Supabase and pgvector

124 views Asked by At

hi how can I add a custom filter to a sql function in a supabase database that uses pgvector to store embeddings.

    create table documents (
  id bigserial primary key,
  content text,
  embedding vector(1536),
custom_id text // Custom id for each company
);

Something like this:

    create
or replace function match_documents (
  query_embedding vector (1536),
  match_threshold float,
  match_count int,
  custom_id text
) returns table (id bigint, content text, similarity float) language sql stable as $$
  select
    documents.id,
    documents.content,
    1 - (documents.embedding <=> query_embedding) as similarity
  from documents
  where documents.custom_id = match_documents.custom_id AND 1 - (documents.embedding <=> query_embedding) > match_threshold
  order by similarity desc
  limit match_count;
$$;

Call from project:

const { data: documents, error } = await supabaseClient.rpc('match_documents', {
    query_embedding: embedding,
    match_threshold: .73, // Choose an appropriate threshold for your data
    match_count: 10, // Choose the number of matches
    custom_id: "2",
  })

Within the database I have different embeddings, and if I ask a question by passing the custom_id, it does not respect the where filter, and it responds with information about embeddings that do not belong to that cutom_id.

Database from supabase

Is there any way of filtering the documents and then... doing all the embeddings query logic?

Thanks!!!

1

There are 1 answers

6
dshukertjr On BEST ANSWER

I would add wrap the threshold filter with parenthesis just in case, but otherwise everything looks good. I would double check that your function definition is up to date. Try dropping the function first and then recreating the function to make sure the function definition is up to date.

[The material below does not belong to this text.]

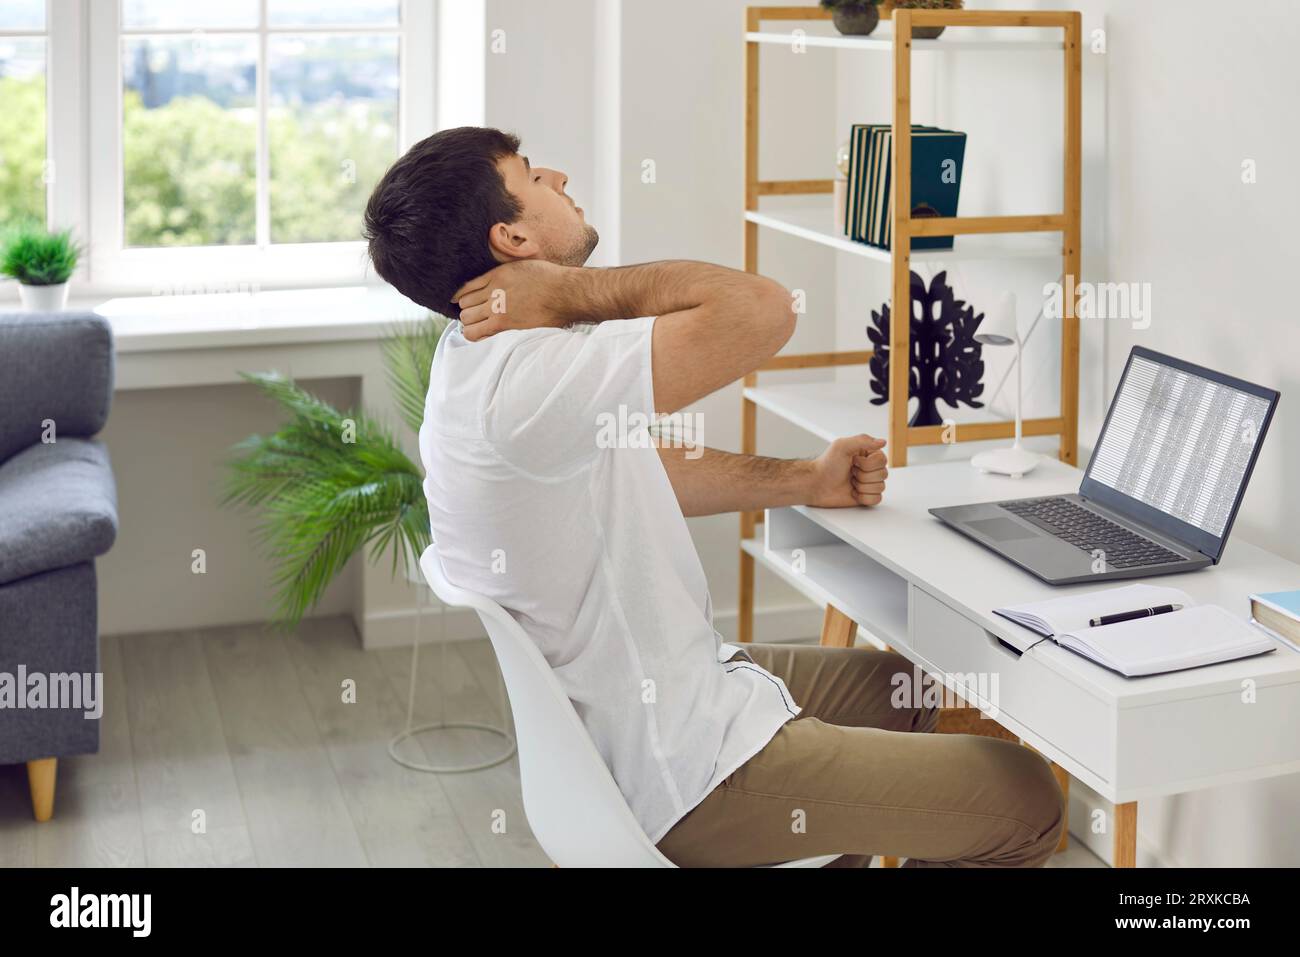 Ein junger Geschäftsmann, der erschöpft aussieht, massiert seinen Hals, während er am Arbeitsplatz sitzt. Stockfoto
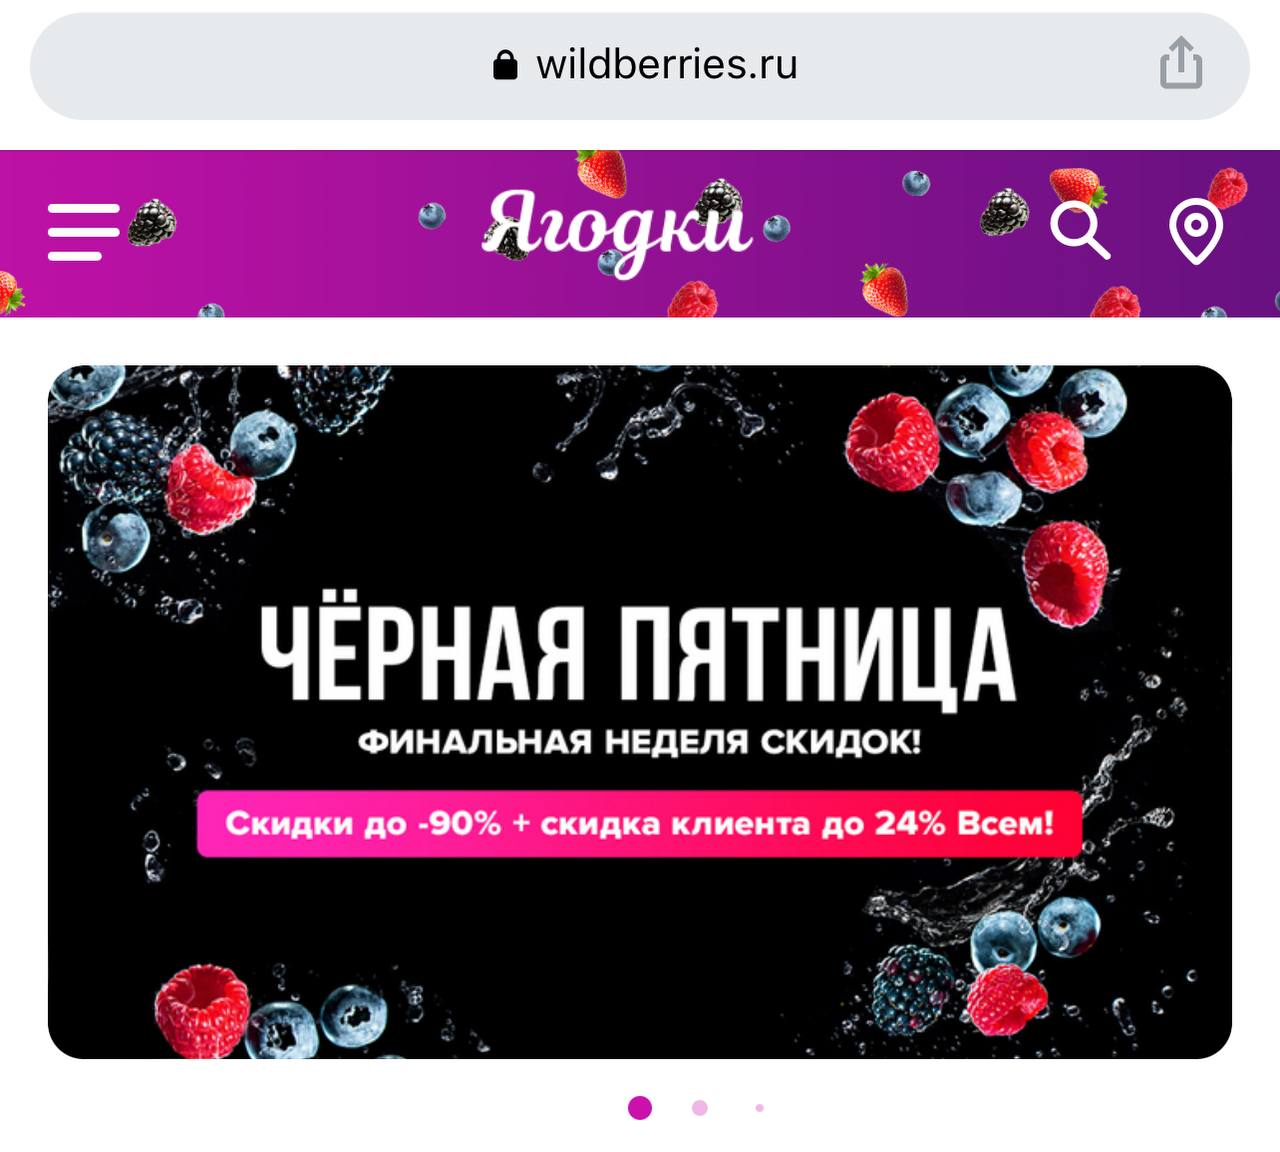 Wildberries перевод на русский что означает

create or replace function match_documents (
  query_embedding vector (1536),
  match_threshold float,
  match_count int,
  custom_id text
) returns table (id bigint, content text, similarity float, custom_id text) language sql stable as $$
  select
    documents.id,
    documents.content,
    1 - (documents.embedding <=> query_embedding) as similarity,
    documents.custom_id
  from documents
  where 
    documents.custom_id = match_documents.custom_id AND
    (1 - (documents.embedding <=> query_embedding) > match_threshold)
  order by similarity desc
  limit match_count;
$$;